The Modal Bandwidth Investigation (MBI) subgroup of the 802.3z Task Force has potentially resolved the DMD problem by requiring all 1000Base-SX and 1000Base-LX transceivers to create aconditioned launch. A transceiver that conditions the launch of its laser signal spreads the signal evenly across all of the fiber's modes. (For more information about DMD, see "The DMDelay".)

The 802.3z Task Force continues to test the effects of DMD and the conditioned launch solution, which is now included in the 802.3z specification. In fact, DMD (and the extensive testing it has given rise to) caused a delay in a schedule to which the task force had otherwise tightly adhered. The taskforce had originally planned to finalize the 802.3z specification last month and, until recently, appeared to be on track.

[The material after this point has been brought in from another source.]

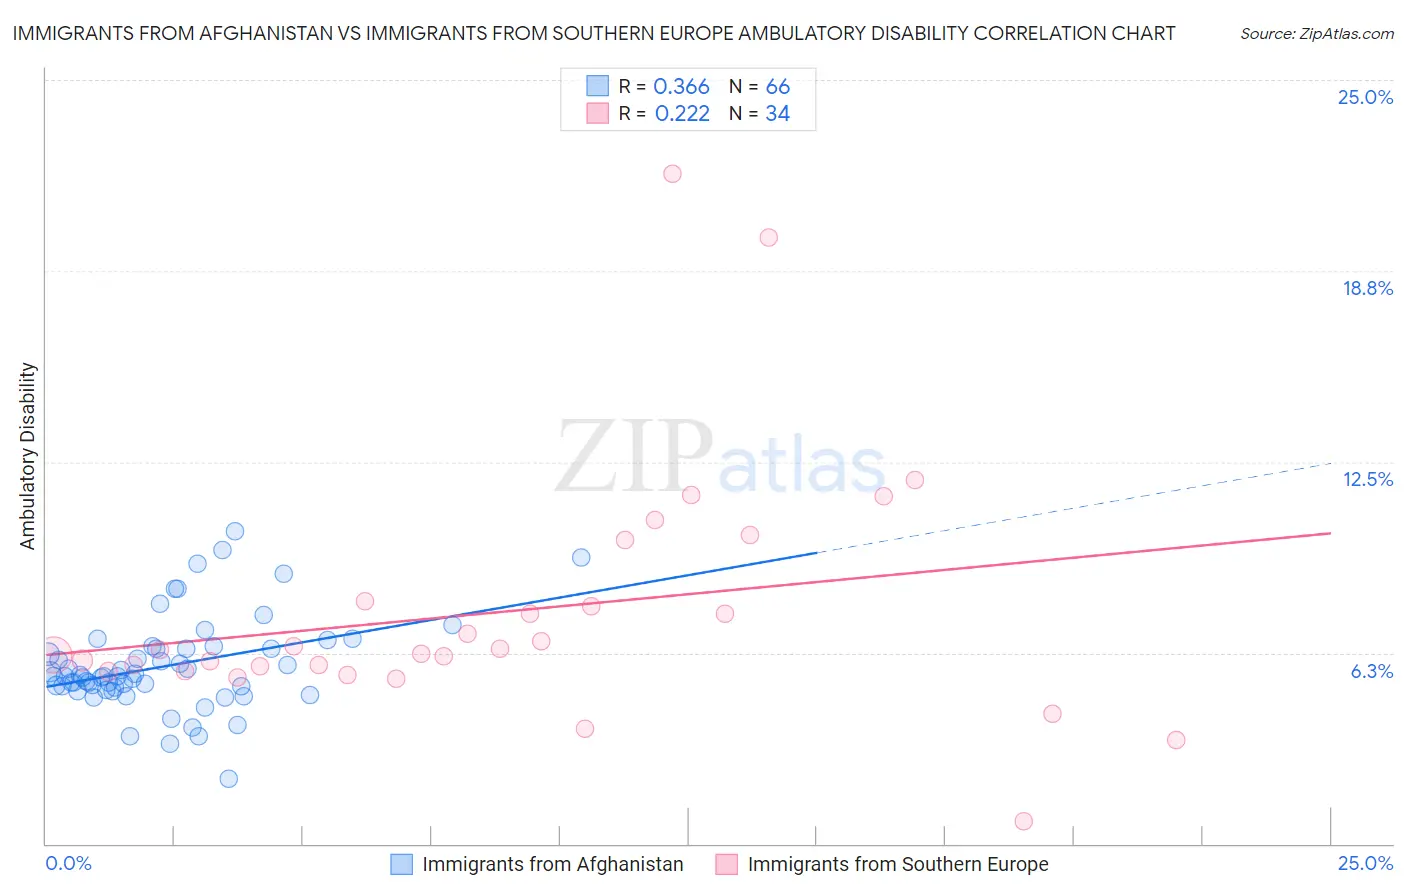 Immigrants from Afghanistan vs Immigrants from Southern Europe Ambulatory Disability

Early this year, the 802.3z Task Force announced its plans to continue testing Gigabit Ethernet transmissions over multimode fiber using the conditioned launch solution to ensure that the DMD problem had been resolved. At that time, the task force also announced that it would be unable to finalize the 802.3z specification until the next IEEE Standards Board meeting, which will be held in June.

If the 802.3z Task Force is unable to meet this deadline, the task force will have to wait until the IEEE Standards Board meeting in September. By then, the task force is certain that the 802.3z specification will be approved--finally.

1000Base-CX--Keep It in the Closet

The 1000Base-LX and 1000Base-SX standards are well-suited for server-to-switch and server-to-server connections spanning relatively long distances. However, you probably don't want to use fiber-optic cable to connect equipment that might be only a few feet apart. In this case, copper cable is a better choice.

Accordingly, the 802.3z Task Force has included one proposed standard for copper cable in the 802.3z specification: 1000Base-CX. 1000Base-CX defines parameters for Gigabit Ethernet transmissions for distances of up to 25 meters over a new type of shielded copper cable, which contains balanced wire pairs and is rated at 150 ohm. This cable, calledtwinax cable, may sound similar to the IBM Type 1 shielded twisted-pair (STP) cable, but STP does not meet the 150 ohm requirement.

You can terminate twinax cable at each end of the cable using a 9-pin D connector. Because Gigabit Ethernet products use receptacle-type, or female, connectors, you need plug-type, or male, connectors to terminate twinax cable. 1000Base-CX also supports a high-speed serial card (HSSC) connector, which is an 8-pin Fibre Channel Type 2 connector.

In choosing where to deploy 1000Base-CX, you should be aware of one key requirement: With 1000Base-CX, the grounding and electrical system must be the same at both ends of the link. That is, you must ensure that all connected computers have a common electrical feed.


The other proposed Gigabit Ethernet standard for copper cable is 1000Base-T, which the 802.3ab specification defines. When completed, the 802.3ab specification will define the parameters for Gigabit Ethernet transmissions over Category 5 UTP cable for links of up to 100 meters. The 802.3ab Task Force is hoping to develop the 1000Base-T standard to support the same RJ-45 connectors currently used to terminate copper cable on some Ethernet and Fast Ethernet networks.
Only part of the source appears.